Field
The present method and system relates generally to a digital communication system and more particularly to the use of error correcting codes in digital communications systems, and particularly relates to the use of LDPC (low density parity check) codes in digital communications systems. Examples of such systems include digital television broadcast systems, cellular telephone systems and the like.
Description of the Related Art
Like all linear block codes, an LDPC (low density parity check) code can be described in terms of a matrix. In the case of an LDPC code the matrix contains a first portion consisting of information bits and a second portion containing parity bits, the matrix commonly being referred to as an H-matrix, or a parity check matrix. The LDPC code gets its name from the H-matrix which contains relatively few 1's in comparison to the number of 0's.
Many modern communications systems require the use of error correction codes that can accommodate different code rates and different lengths of information bits. It is well known that longer code lengths improve error correcting performance, while shorter code lengths are characterized by reduced processing delays. Likewise it is known that increasing code rates improves the data rate and bandwidth efficiency, while reducing code rates increases information robustness in noisy channels. However, designing separate error correction codes for each different code length and code rate that may be used in a particular communications system is a very complicated process and often not practical.

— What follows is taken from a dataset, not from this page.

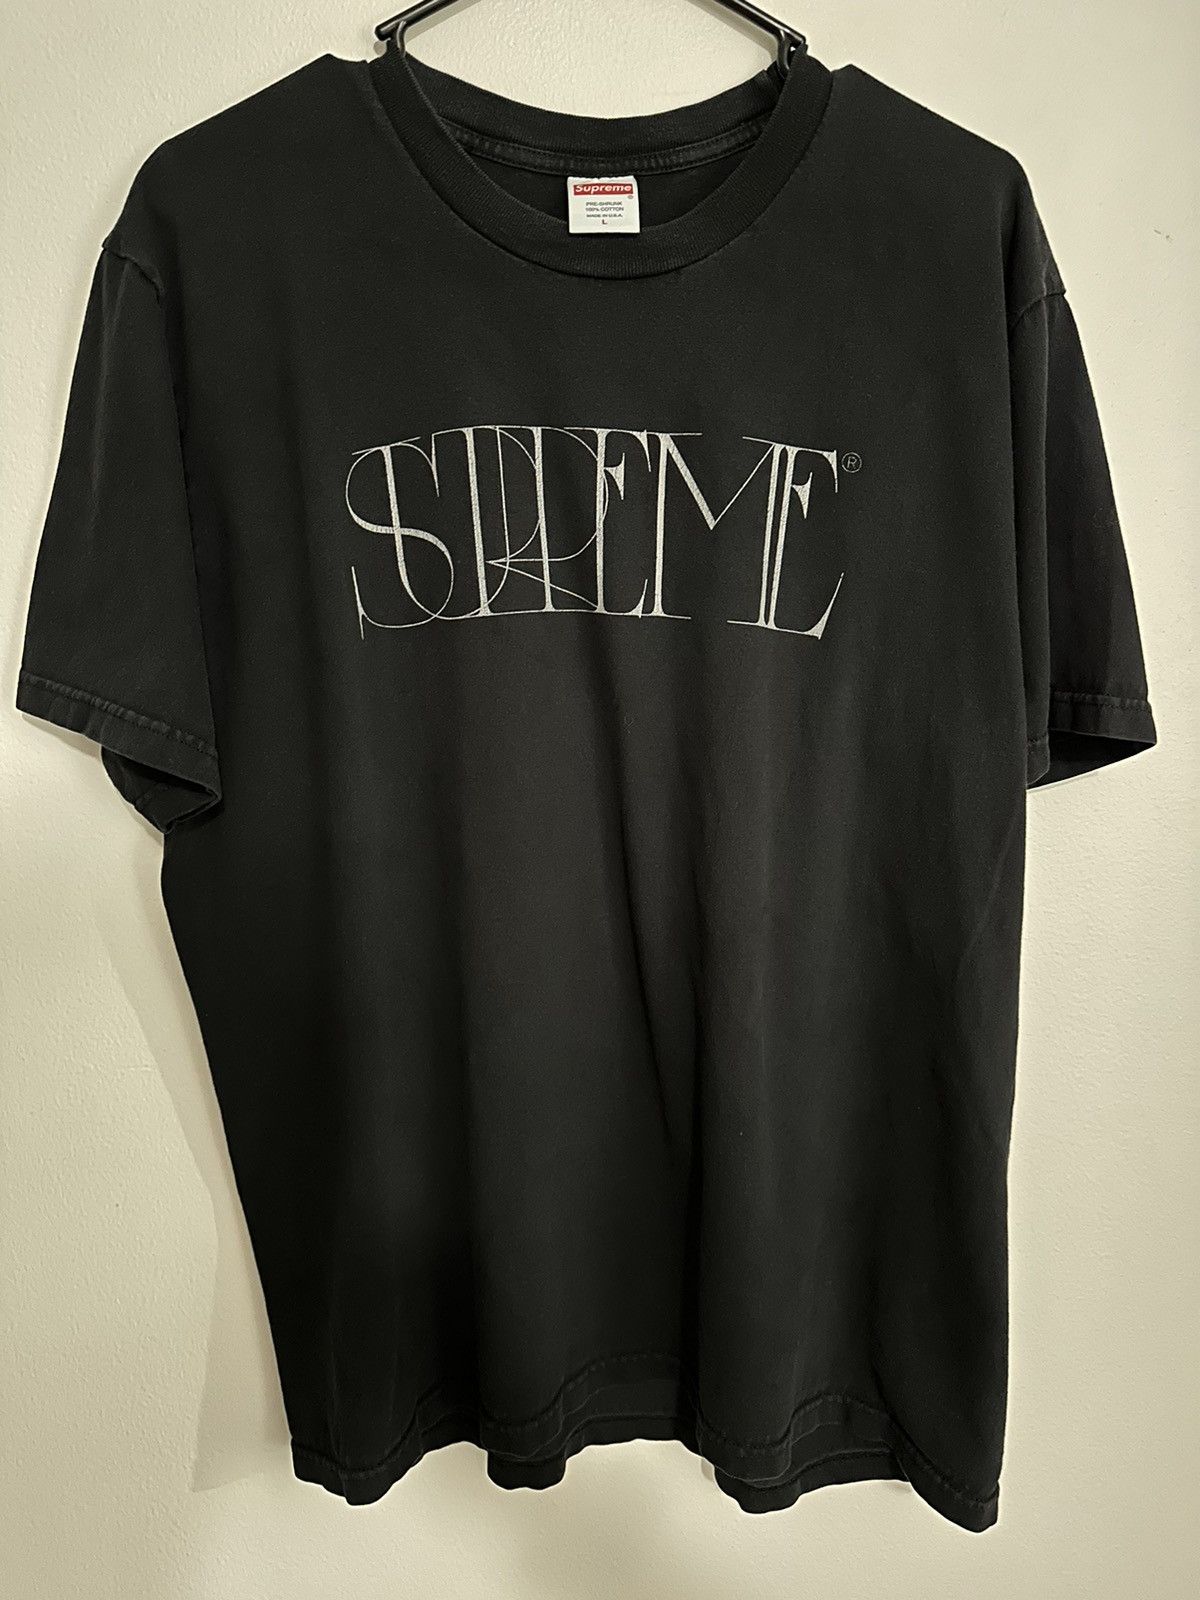 Supreme Trademark T Shirt | Grailed

It would therefore be highly desirable to provide a novel error correction system using error correction codes capable of adapting to different information lengths and different code rates. Such a system would be designed with the goal of providing performance that is equal or close to the performance of systems using separately designed codes and would inherently be of low complexity since it would obviate the need to design a separate code for each condition and would employ encoder and decoder hardware that can be reused in different situations without extra cost.